I guess one of the things I wanted to ask is whether openxlsx has performance issues with data overwriting ranges that have been written to in a previous command (during the final stage of creating the excel file).

JanMarvin commented 2 years ago

There are definitely performance problems. For example, one problem is that the workbook is not yet finalized when you hit saveWorkbook. There are a number of cleanup functions called, and writing the xml files takes some time as well. I'll look into this, but mostly out of curiosity, I have no intention of speeding up this writer. Use the time you are writing to pause and rest :-)

klar-C commented 2 years ago

Will do :). I'll post more performance numbers in case I come across other bottlenecks.

Awesome package!

JanMarvin commented 2 years ago

I just wanted to let you know that I have been playing around with a new version and the save time has improved dramatically. Below is the time difference for a dummy dataset (15,000 x 60) with 15 groups, each containing 1000 rows, from creation to final output. However, the program is still under development and there is no release schedule yet.
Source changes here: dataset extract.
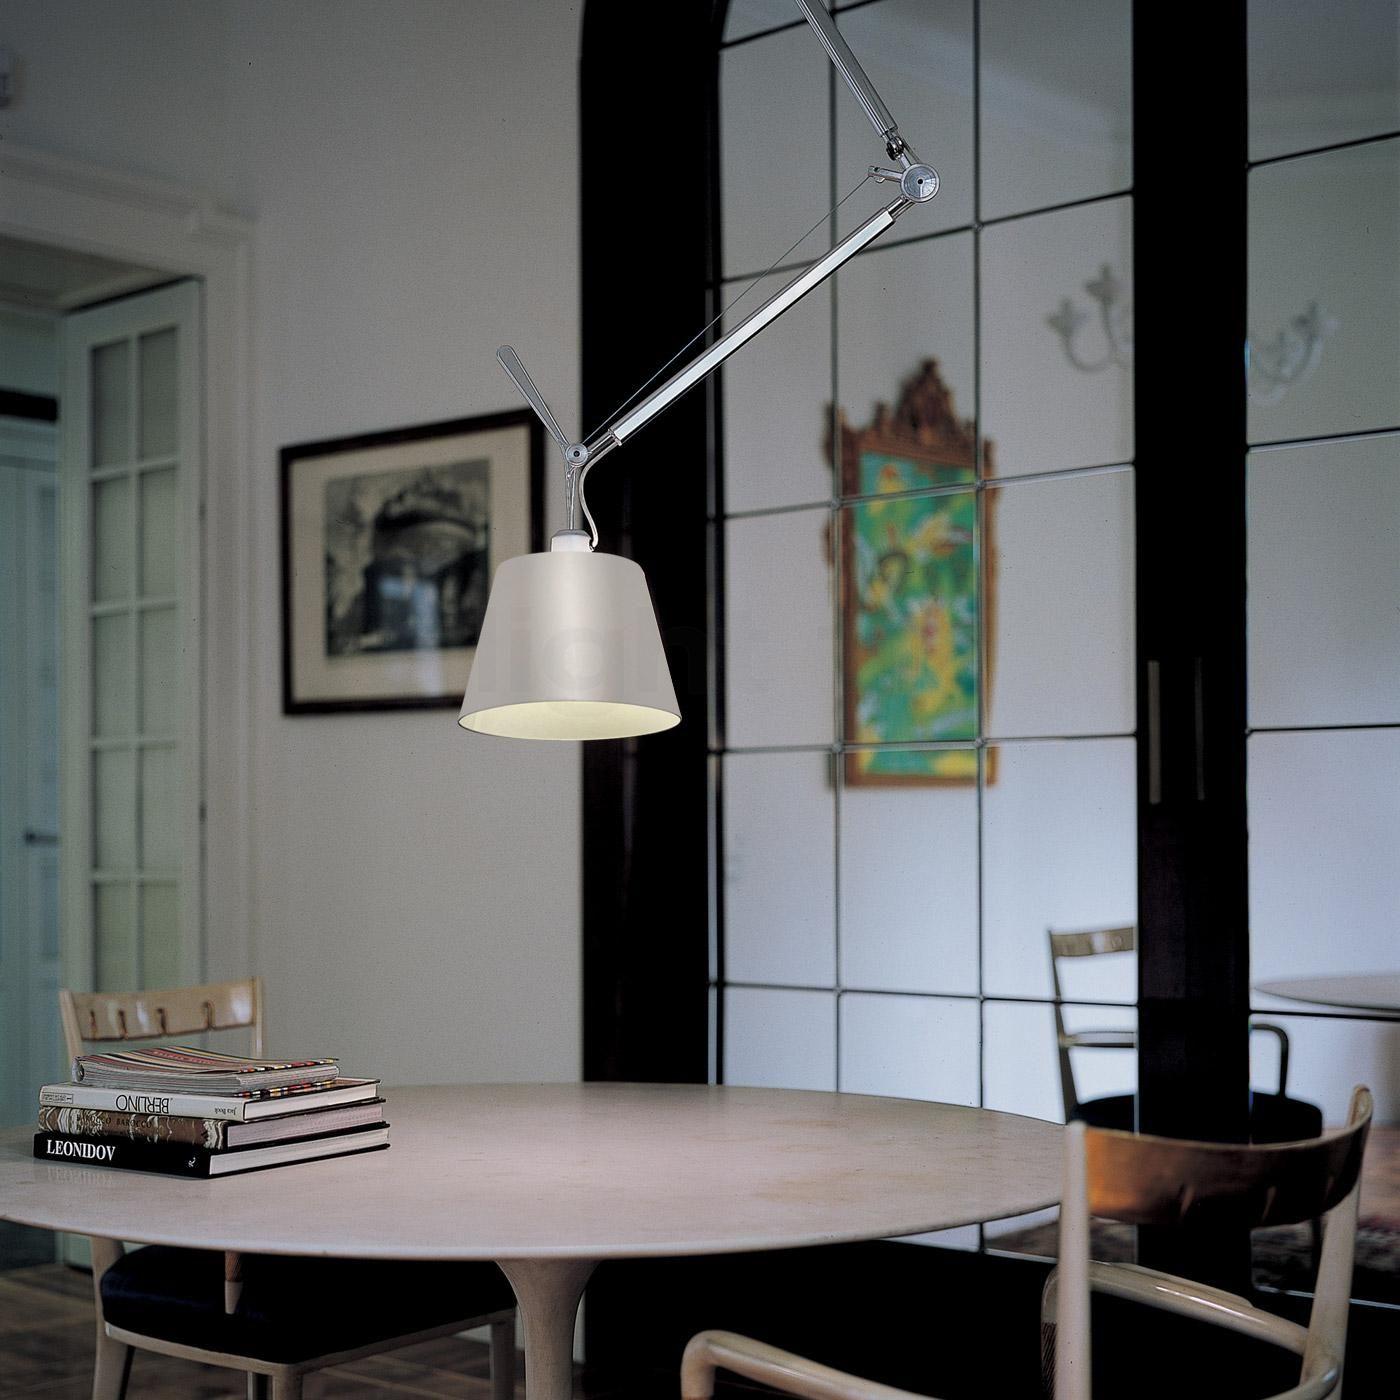 Artemide Tolomeo Sospensione Decentrata - Hanglampen   lampen ...

Time difference of 7.673866 secs
klar-C commented 2 years ago

Okay thank you.

JanMarvin commented 2 years ago

@klar-C https://github.com/JanMarvin/openxlsx2 is now publicly available for testing. Please be aware that it is not yet stable (aka do not include it into any production pipeline yet).
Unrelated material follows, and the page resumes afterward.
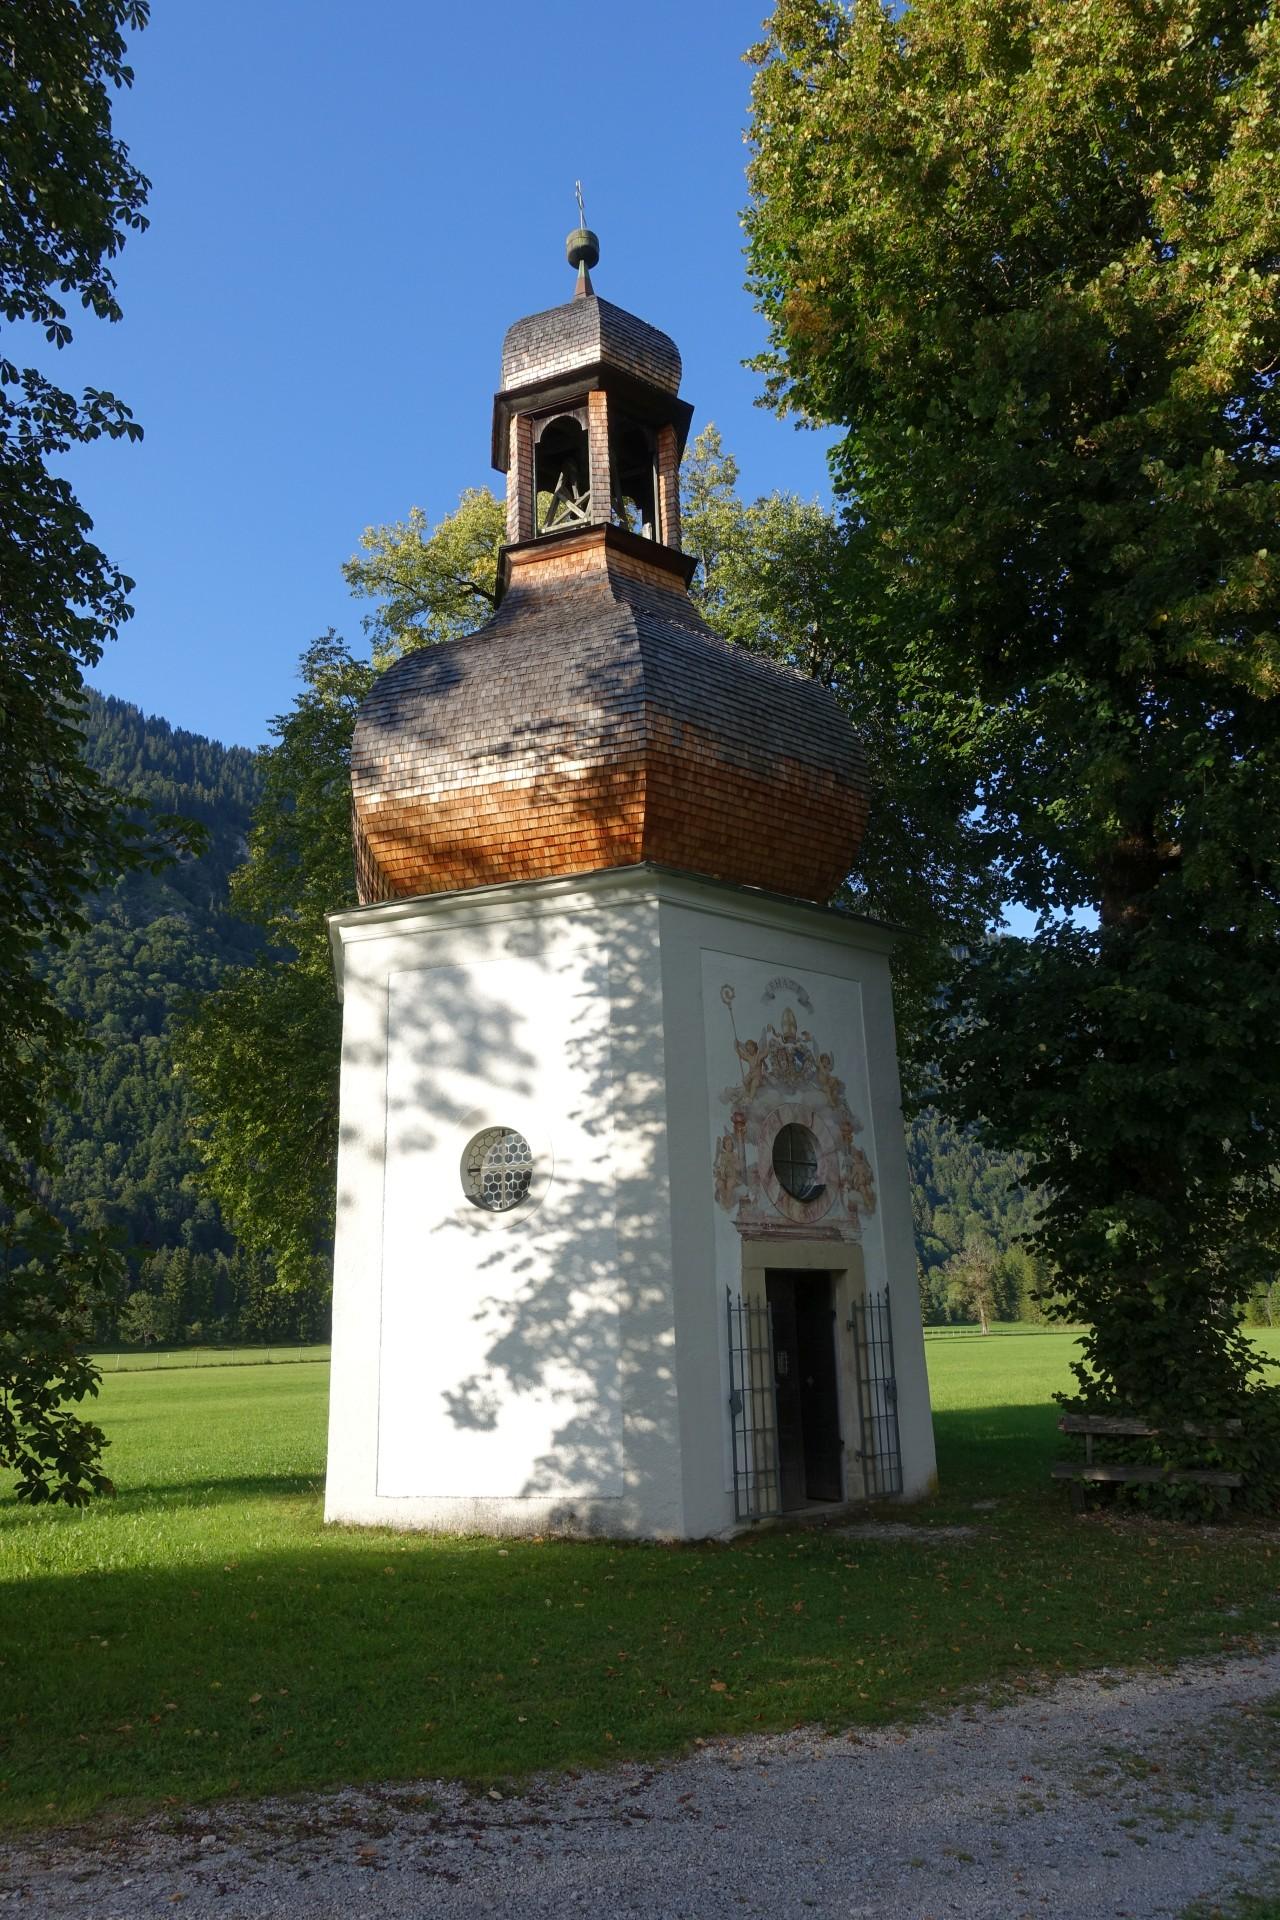 Graswang - Kieneckspitz - Kienjoch - Kuhalmhütte - Graswang

klar-C commented 2 years ago

Thank you! I will check it out asap.

JanMarvin commented 2 years ago

Just for reference:

> beg <- Sys.time()
> mm <- as.data.frame(matrix(1, ncol = 60, nrow = 15000))
> # create openxlsx2 workbook
> wb <- wb_workbook()$
+   # add a worksheet: "1"
+   add_worksheet(1)$
+   # add the data
+   add_data(1, mm)$
+   # add 15 groups. 14 are collapsed
+   group_rows(1, 1:1000, TRUE)$
+   group_rows(1, 1001:2000, TRUE)$
+   group_rows(1, 2001:3000, TRUE)$
+   group_rows(1, 3001:4000, TRUE)$
+   group_rows(1, 4001:5000, TRUE)$
+   group_rows(1, 5001:6000, TRUE)$
+   group_rows(1, 6001:7000, TRUE)$
+   group_rows(1, 7001:8000, TRUE)$
+   group_rows(1, 8001:9000, TRUE)$
+   group_rows(1, 9001:10000, TRUE)$
+   group_rows(1, 10001:11000, TRUE)$
+   group_rows(1, 11001:12000, TRUE)$
+   group_rows(1, 12001:13000, TRUE)$
+   group_rows(1, 13001:14000, TRUE)$
+   group_rows(1, 14001:15000, FALSE)$
+   # save file
+   save("grouping.xlsx")
> end <- Sys.time() - beg
> end
Time difference of 3.360859 secs
klar-C commented 2 years ago

Short question:

Does the new version allow for writing existing xlsm files?

With the old version I can open/modify existing xlsx files but as soon as there's a macro in it, it breaks.

JanMarvin commented 2 years ago

haven't tested it yet tbh. for questions regarding openxlsx2 please go to the other repo. [Edit:] But it works for me :)

github-actions[bot] commented 1 year ago

This issue is stale because it has been open 365 days with no activity. Remove stale label or comment or this will be closed in 7 days.

github-actions[bot] commented 1 year ago

This issue was closed because it has been stalled for 7 days with no activity.